# First dog, first love: Joplin



## missmarstar (Jul 22, 2007)

Joplin sounds like an amazing dog.... something special about our first heart dogs, no denying that


----------



## Dslats (Mar 1, 2007)

wow.... joplin had an exciting life. how old was he? it's so hard to lose an animal let alone the" heart dog." I feel your pain. 

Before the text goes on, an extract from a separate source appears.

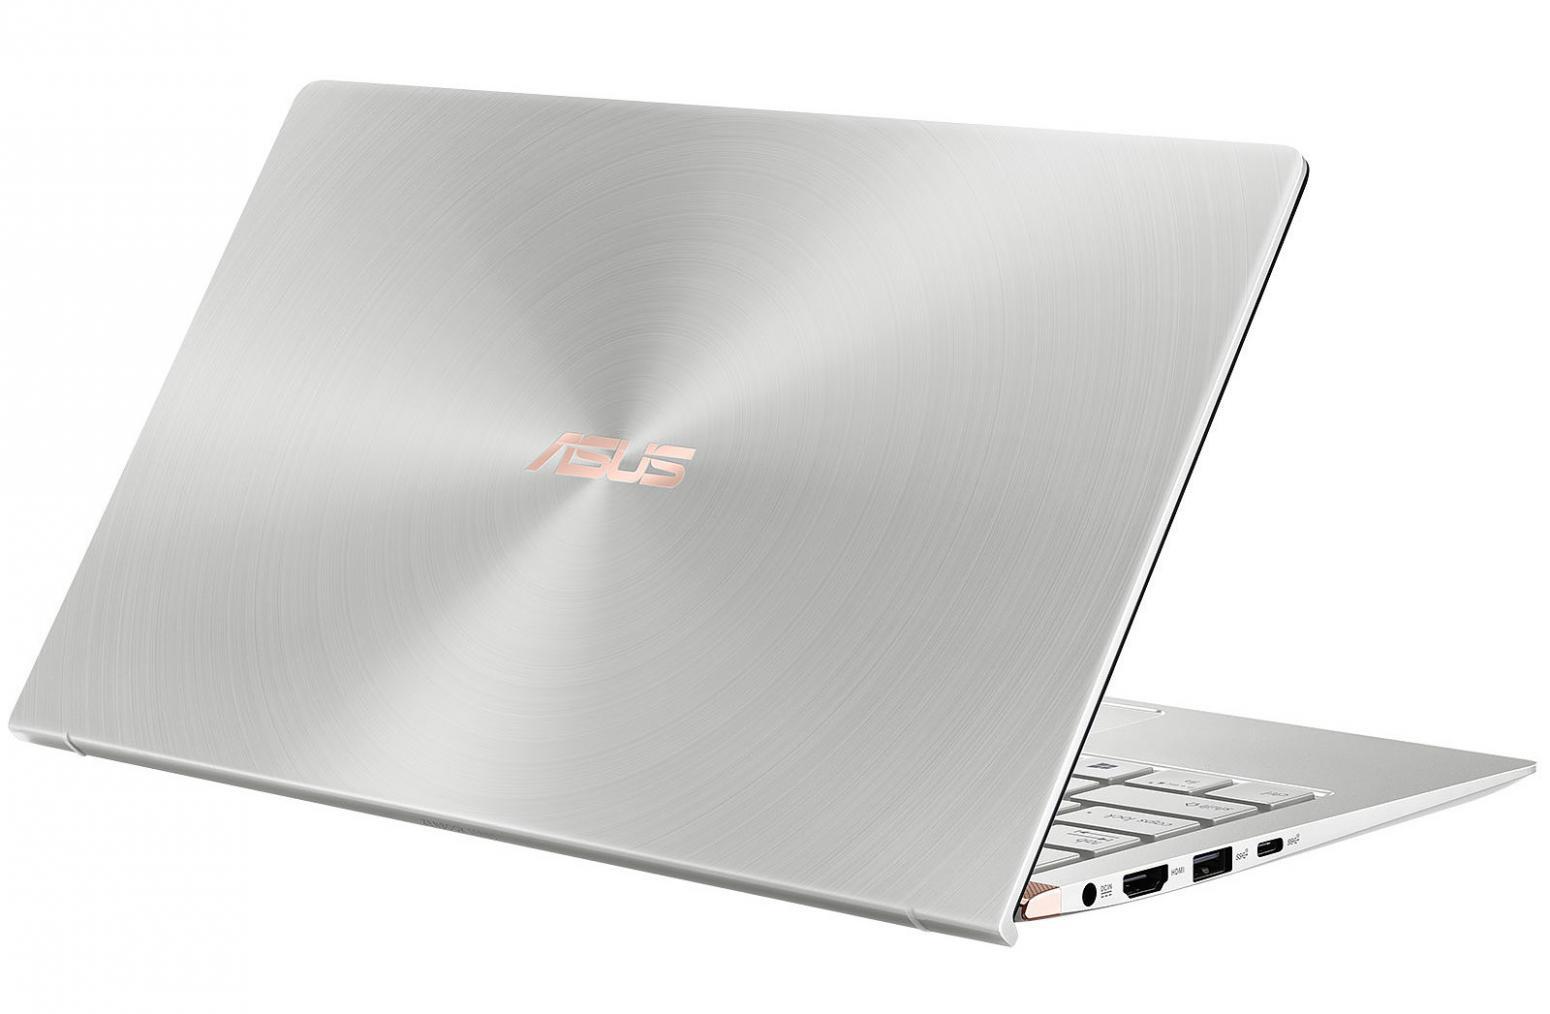 Ordinateur portable Asus Zenbook 13 UX333FA-A3238R Argent - NumPad, Pro - photo 4

any picture's of joplin's life excursions?
Debbie & mason


----------



## McSwede (Jan 30, 2007)

What a wonderful story about a truly amazing Golden. 

~Jackie


----------



## Nicole&Zack (Feb 27, 2007)

Thats wonderful....


----------



## goldensmum (Oct 23, 2007)

He sure packed a lot into his life - sorry for your loss


----------



## Oaklys Dad (Dec 28, 2005)

I can see how Joplin could make you a golden person for life. He sounds like he made a big impression on you and everyone he met. Great memories you have of him. Thanks for taking the time to share.


----------



## Hudson (May 18, 2005)

Thanks for sharing Joplin's amazing life and memories with us.


----------



## BeauShel (May 20, 2007)

Joplin sounded like an amazing dog and I can see why you loved him.


----------



## goldenmomof3 (Feb 15, 2006)

I'm so sorry to hear of the loss of Joplin. What an awesome life he had!!!!! You are blessed to have had him as long as you did and he knows what a great life you gave him! He will be waiting for you ....


----------



## LOVEisGOLDEN (Jan 4, 2008)

what a wonderful tribute


----------



## Powderpuff (Dec 30, 2007)

> I negotiated that Joplin could come to work everyday


The thought of you putting Joplin before a better salary has made me smile...he was a lucky dog to have you care so much.


----------



## 3 goldens (Sep 30, 2005)

Beautiful story, beautiful love between you. how these dogs get into our hears.


----------